Tahapan pendanaan selanjutnya membawa bisnis kamu ke tingkat selanjutnya. Investor akan membantu startup kamu dengan cara memperluas jangkauan pasar. Jika kamu sudah di tahap pendanaan seri B ini berarti telah membuktikan kepada investor bahwa mereka siap untuk sukses dalam skala yang lebih besar. Pendanaan seri B digunakan untuk mengembangkan perusahaan sehingga dapat memenuhi tingkat permintaan tersebut.

Seri C Pendanaan

Jika kamu sudah berada di tahapan pendanaan ini berarti bisnis yang dijalani sudah cukup sukses. Biasanya perusahaan akan mencari dana tambahan untuk membantu mereka mengembangkan produk baru dan memperluas pasar. Dalam tahapan ini investor akan memberikan modal ke dalam bisnis yang sukses dalam upaya untuk menerima lebih dari dua kali lipat jumlah itu kembali. Pada Seri C investor akan fokus pada penskalaan perusahaan, tumbuh secepat dan sesukses mungkin.

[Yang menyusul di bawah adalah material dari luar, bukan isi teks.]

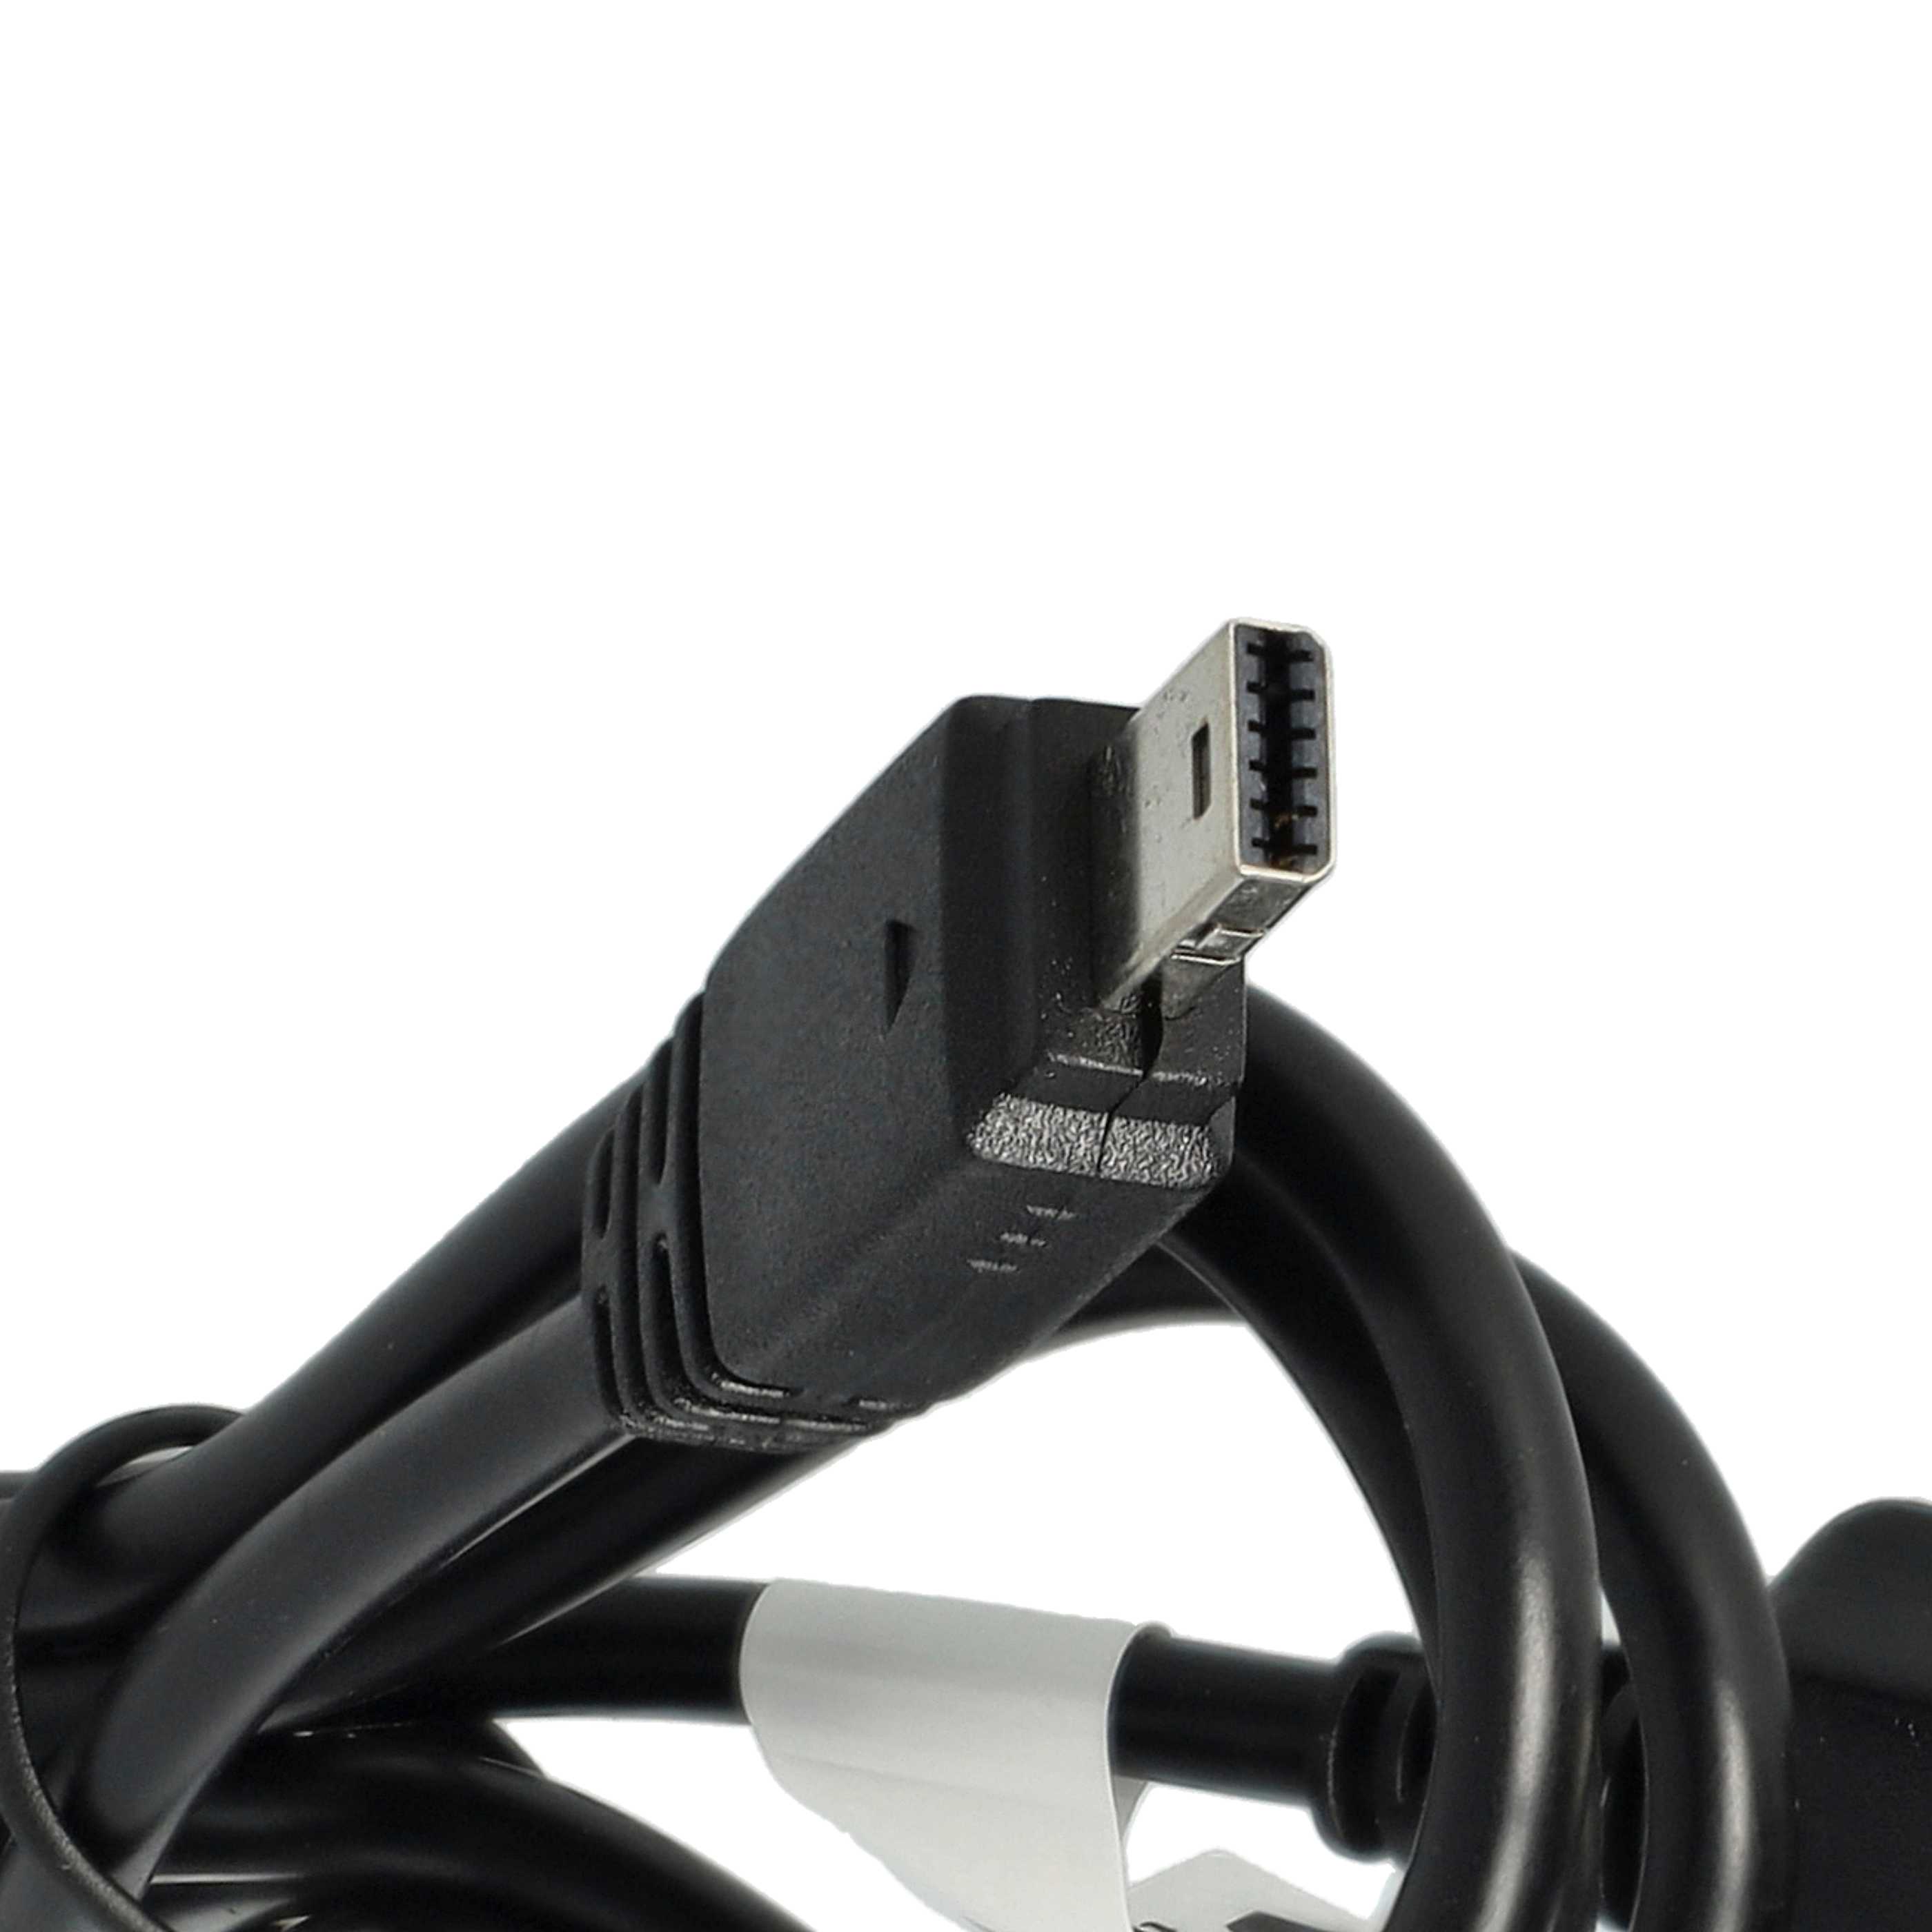 USB Datenkabel als Ersatz für Casio U-8, EMC-6U, EMC-6 für Kamera - 100 cm
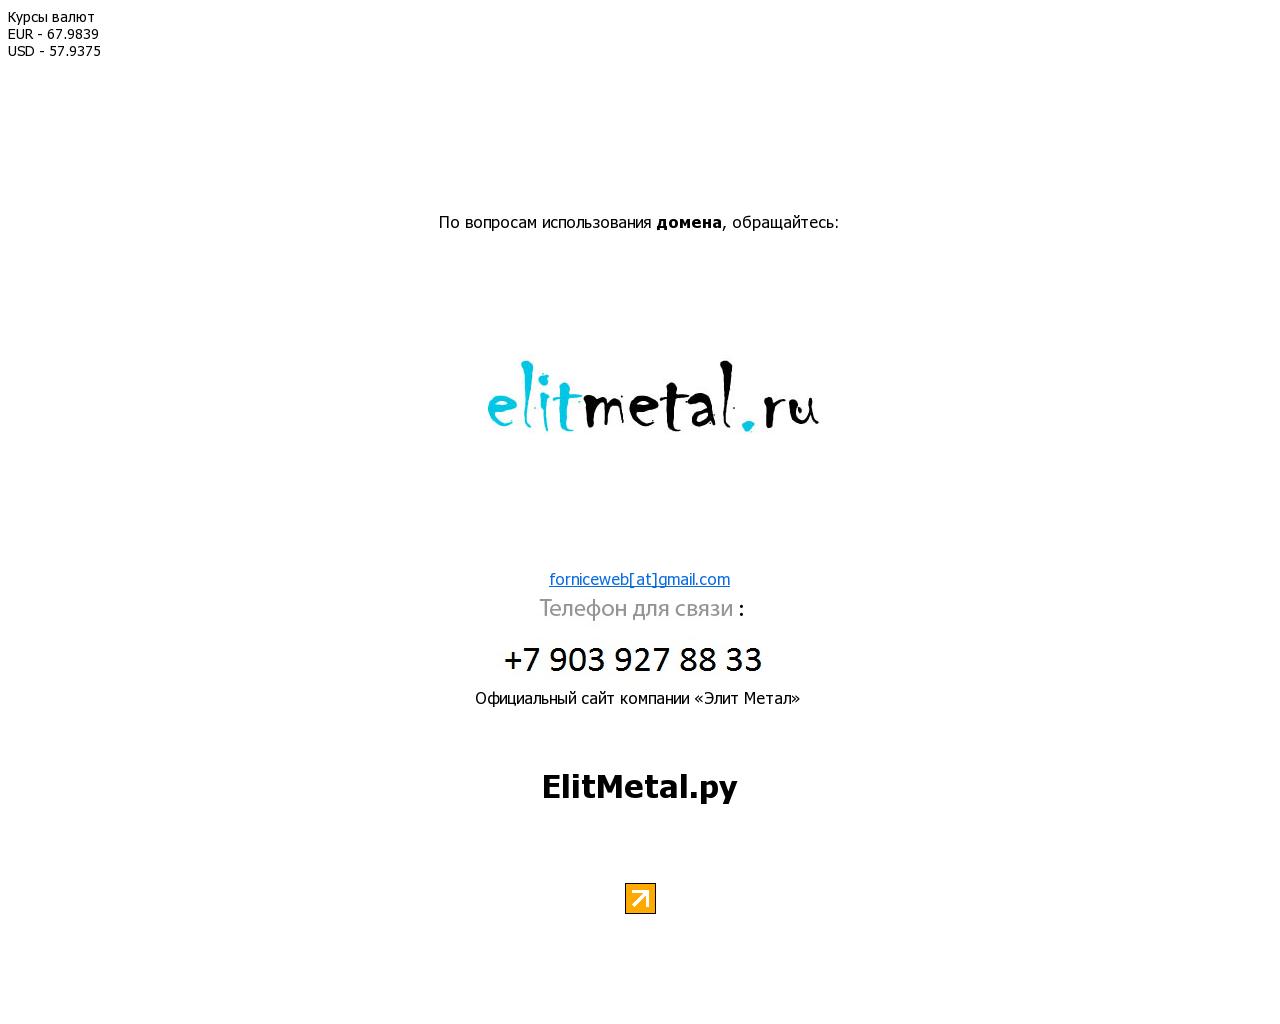 Изображение сайта elitmetal.ru в разрешении 1280x1024

Selain ada Pendanaan di seri di atas ada pula seri pendanaan D,E,F dilakukan untuk menguatkan, menjaga status startup sebagai perusahaan privat, maupun untuk membiayai operasional bagi perusahaan yang mengalami penurunan.

Initial Public Offering (IPO)

IPO adalah langkah besar bagi perusahaan karena memberikan perusahaan akses untuk mengumpulkan banyak uang. Ini memberi perusahaan kemampuan yang lebih besar untuk tumbuh dan berkembang. Peningkatan transparansi dan kredibilitas daftar saham juga dapat menjadi faktor dalam membantunya mendapatkan persyaratan yang lebih baik ketika mencari dana pinjaman juga.

Initial Public Offering atau IPO merupakan tahap pendanaan puncak yang selalu diimpikan oleh setiap founder startup. IPO adalah tahapan ketika suatu perusahaan menawarkan sahamnya kepada masyarakat untuk pertama kali. Investor utama, bahkan satu-satunya pada tahap ini adalah masyarakat yang berminat membeli saham perusahaan tersebut.

Perusahaan yang mencapai tahap IPO telah memiliki kondisi finansial yang stabil. Tata kelola perusahaan juga telah berjalan dengan baik. Hasil akhirnya adalah perusahaan yang mampu tumbuh lebih besar dengan pasar yang terus berkembang.

Merger & Acquisition

Pada tahapan pendanaan ini ada Merger dan Acquisition. Dalam merger, dua perusahaan menyetujui adanya kombinasi antara dua perusahaan tersebut dan meminta persetujuan pemegang saham. Sedangkan ketika satu perusahaan mengambil alih perusahaan lain dan menetapkan dirinya sebagai pemilik baru, pembelian tersebut disebut acquisition. Dalam Acquisition perusahaan yang mengakuisisi memperoleh saham mayoritas di perusahaan yang diakuisisi, yang tidak mengubah namanya atau mengubah struktur organisasinya.

Itulah berbagai tahapan pendanaan pada startup, tahapan pendanaan ini menjadi batu loncatan bagi suatu perusahaan untuk terus berkembang. Tentu hal itu tidak mudah butuh waktu yang cukup lama hingga suatu perusahaan dapat mencapai tahap pendanaan lebih lanjut.